De Vries: Well, that’s a much more difficult question to answer because the thing is, these devices that were previously being used in ethereum were mostly graphic cards, and graphic cards can quite easily be repurposed, for example, for the mining of other digital currencies. It’s even the case that as these ethereum miners were forced to shut down and remove their machines from the data center space they were using, bitcoin miners that previously were unable to find the space they needed for their machines took this space that became available after the ethereum miners left and started using their energy, and therefore limiting the amount of energy reduction we have globally from this change in the software of the ethereum system.
McCarty Carino: I mean, the whole crypto ecosystem seems to be dealing with a basic loss of trust. Is becoming more energy efficient kind of a luxury problem in that context?
De Vries: As the market is getting more and more squeezed, only the ones that are having access to the cheapest forms of electricity, and the ones that are having the most power-efficient devices, are going to be able to survive the current conditions. That hasn’t changed. That’s always been the case. But right now, under the current market conditions, the ones that don’t have the optimal setup or aren’t running the most optimal devices or just don’t have access to the cheapest electricity are being forced to shut down and leave the mining market.
McCarty Carino: Have you seen any indications that other crypto mining operations for other currencies might make this switch?
De Vries: Well, it depends on the cryptocurrency. The thing is in ethereum, it was always part of their plan to make the switch. They had this thing in their road map from basically day one. And that’s not been the case for bitcoin, for example. They don’t have any plans whatsoever to make a similar change to their software. So at the moment, there is no reason to be optimistic that this will happen in bitcoin as well.
McCarty Carino: So we have this more sustainable method of crypto authentication. But the crypto sector is going through some tumultuous times lately. There’s the bankruptcy of the FTX crypto exchange. We’ve seen a bunch of crypto hacks, there’s been this dramatic downturn in crypto valuations. I mean, what are your findings mean in light of all this other stuff going on?
De Vries: Well, I think we need to establish that the very fact that crypto asset prices have been under a lot of pressure recently is already putting pressure on the energy consumption of these networks as well. For the very simple reason that these crypto miners often get paid a fixed amount of coins for every block they create. So as the value of those coins goes down, they simply have less money to spend on resources like energy and hardware. That is pretty good news for the environment. Hey, we can see that over the past couple of months, the bitcoin network, even though they have no plans to change their software, the energy consumption of the network went down by probably up to 50% simply from the bitcoin price going down. Though, of course, it would be a much better solution if they also changed their software because that’s the only way to receive or to achieve a near 100% reduction in the energy consumption.
Related links: More insight from Meghan McCarty Carino
You can read De Vries’ paper in the scientific journal Cell here.

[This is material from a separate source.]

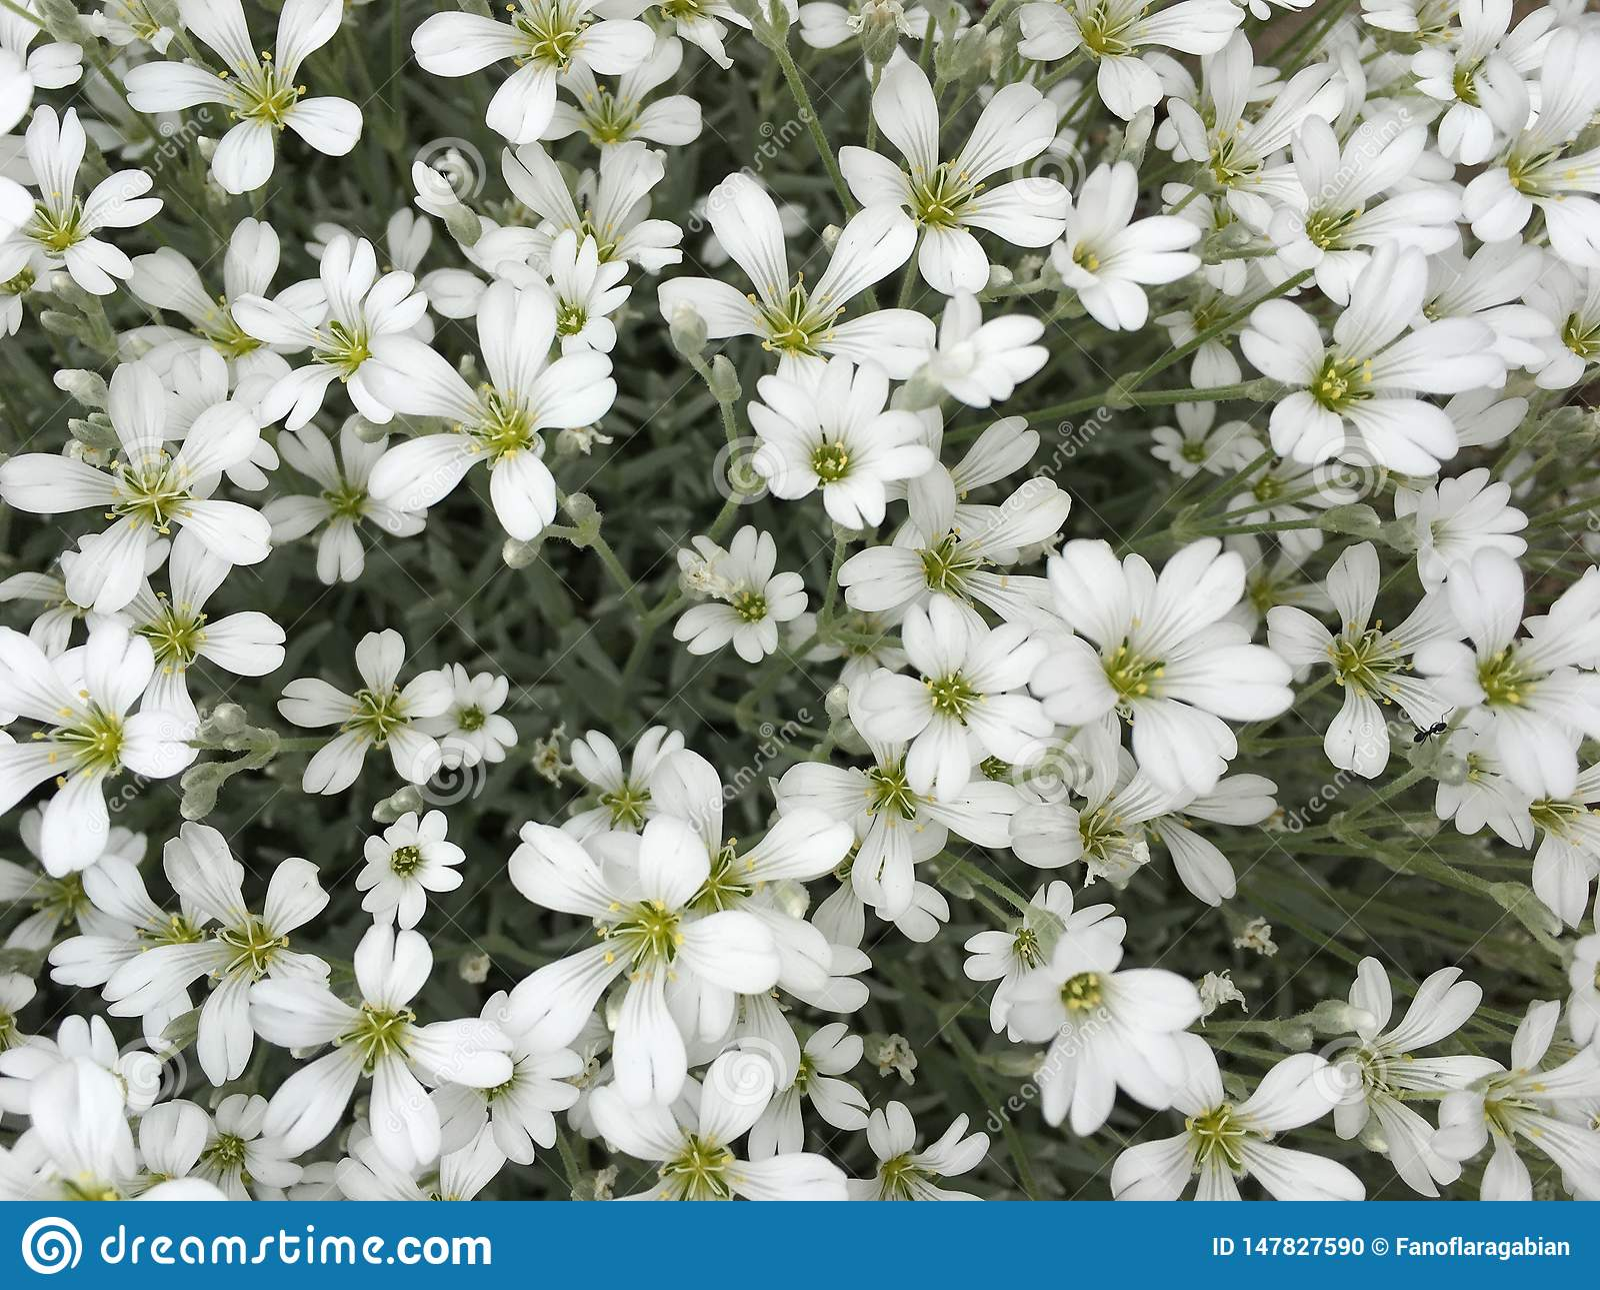 Bloemen, enkel witte kleine bloemen, maar zo vrij

But just in case you need perhaps a little more in-depth refresher on how crypto mining actually works, here’s an explainer from my Marketplace colleague Matt Levin about the process, as well as a previous conversation we had with De Vries that covers some of the nuances of “proof of stake” versus “proof of work” authentication.
Bloomberg News has more on the situation for crypto miners now that this digital gold rush is losing its luster. Many set up shop in Texas, attracted by the promise of cheap energy and a welcoming regulatory environment.
But now with soaring power costs and the loss of value in currencies like bitcoin, it’s become pretty tough to make a profit, much less pay back the Texas-sized loans many miners took out to finance their operations.